- by fred spanner
“I went to pick up John Cooper Clarke once. He lived exactly where you’d expect him to live- next to a cemetery. He was having egg custard for breakfast. Living the Dream.”
Gavin and Stacey, Alan Partridge, The Mighty Boosh, The Royle Family, Red Dwarf, The Mrs Merton Show…it’s all in a day’s work for the Bafta-winning writer, producer, and poet. From getting his milk delivered by Steve Coogan to pushing Jarvis Cocker around in a wheelchair, this incredible man has lived a very full life. And he’s still up to mischief.
This month, he’s tearing up the UK on tour with the legendary Brian Bilston. Tickets are expected to disappear faster than the complimentary peanuts in the Linton Travel Tavern lounge. Aha! Let's chat...
So, tell us where your love of comedy originated.
“I was brought up on a council estate in Nottingham. My mum died when I was eleven, and I became very withdrawn. Everything around me was very bleak. In fact, in Nottingham in the 70s, the 60s still hadn’t arrived. It was still a very deprived area with bombed-out buildings. People wore clothes they made themselves as opposed to the things you saw on Carnaby Street. When you think of the Swinging Sixties, it’s not a council estate in Nottingham you picture.
“I sought solace in television comedy. I used to love Bilko, Monty Python, Morecambe and Wise, and stuff like that. I was in another world. The Marx Brothers were working-class like me, but they were running amok amongst posh people. I wanted to be in that world.
“I also stumbled upon a comedian called Jack Benny, who not many will remember these days. He was one of the top comedians in the 40s and 50s. He took his cat from radio to television, even though they tried to persuade him not to because one of his characters was black. The guy became the first black actor on television because of Jack Benny.
“I loved Jack Benny. He was Jewish and from New York, and he had been working since he was a kid. By all accounts, he was a lovely guy, and I wanted to be him. I looked nothing like him. I had ringlets and a centre parting, and I used to wear my sister's T-shirts, to be honest.
“I started reading everything that had to do with comedy. I’d go to the library and I'd get every comedy book out. I came across a book by Spike Milligan, whom I loved. It was called Small Dreams of a Scorpion. I thought it was a comedy book, but it was a book of poems. And it made me cry. And I thought there was something beautiful about someone who could make you both laugh and cry. I knew then that this was something I wanted to do.”
You’ve met Spike Milligan before, haven’t you?
I’d made about 450 television programs by then, and I was asked to judge a comedy competition. I remember sitting next to Spike and telling him I worked in comedy and I’d written The Royle Family, and it was all because of him. People were coming up to him, asking for his autograph. He told them all to “Fuck off”.

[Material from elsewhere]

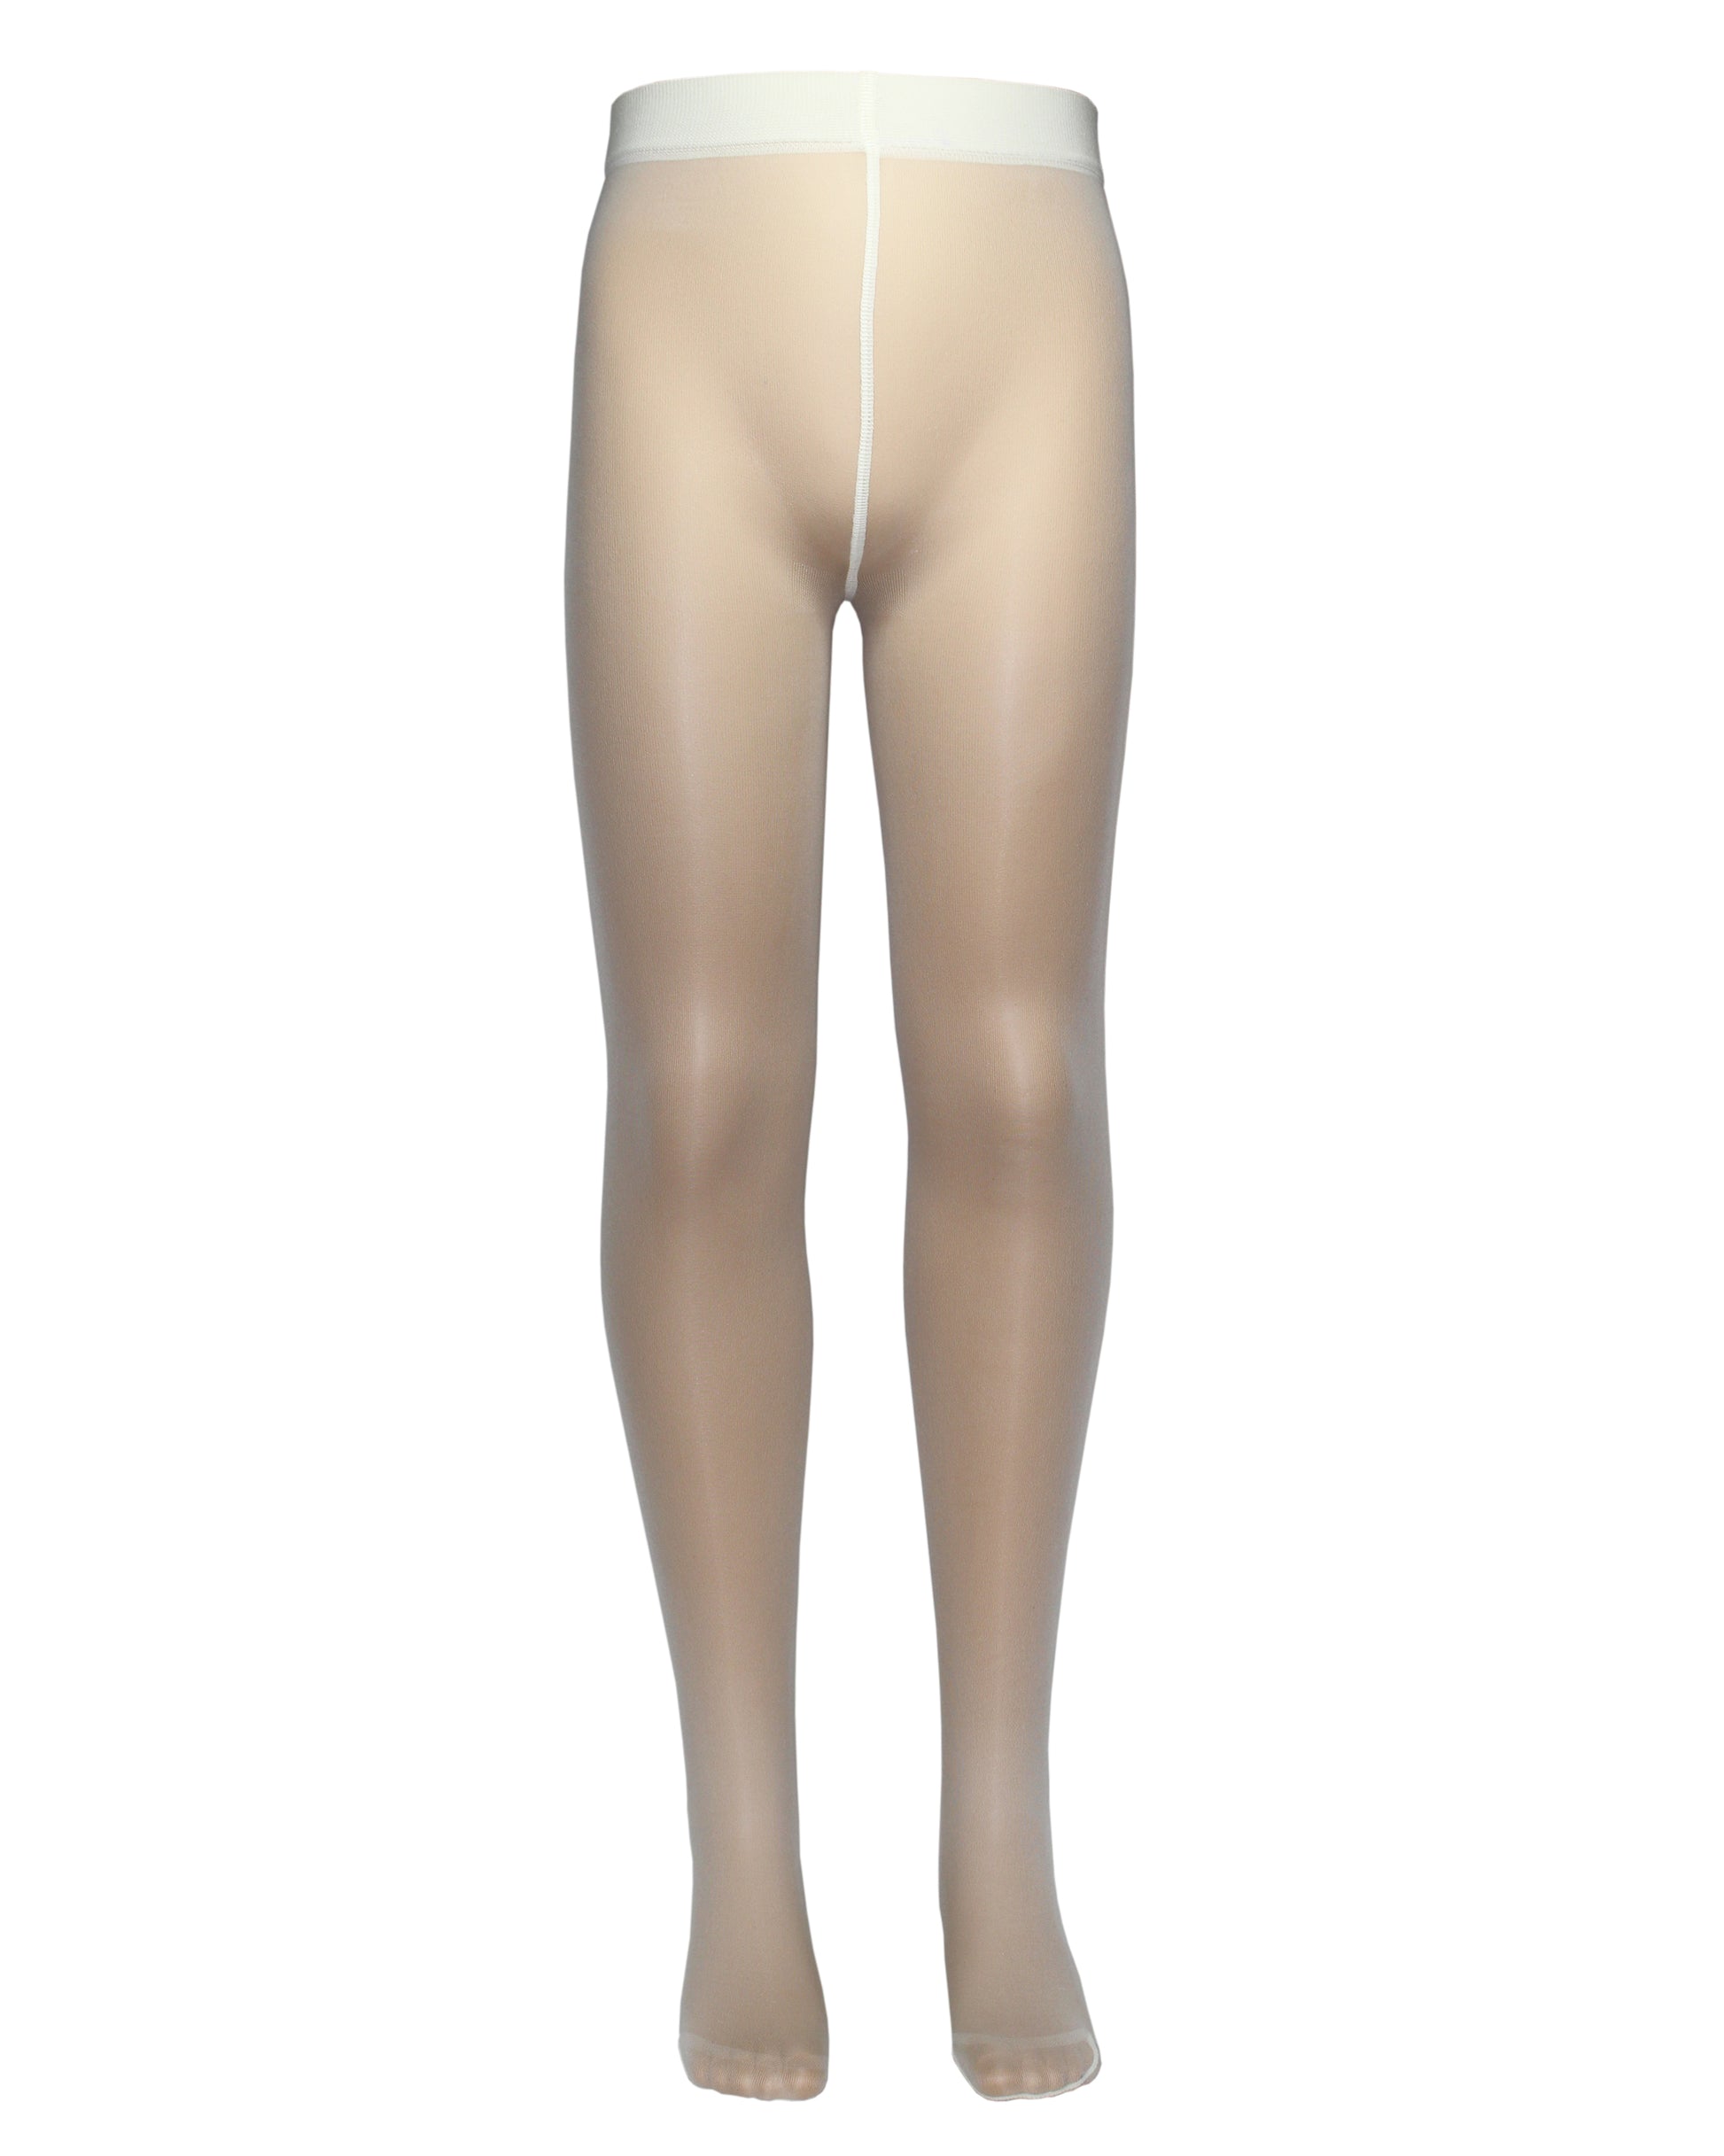 Omsa MiniVelour 25 Collant - Soft and matte semi sheer plain kid's tights in ivory cream.

“I tried to rescue the conversation by telling him I lived in Brighton cos I love the sea. He then leaned forward with a twinkle in his eye and said, “Henry, you’re a fascinating man.” Which was lovely. But nowadays, if I say anything a bit boring, my wife will say, “Henry, you’re a fascinating man.” ”
You got away lightly. He called King Charles a groveling bastard, back in the day.
“Yes, I think I did a bit better.”
When did you start writing stuff yourself?
“I used to write my own Monty Python sketches. I used to put them up on the school noticeboard. I’d often hang them the wrong way up and write “Please do not read” on them (which was the name of my magazine). It was great fun and helped me to skive a bit off of lessons.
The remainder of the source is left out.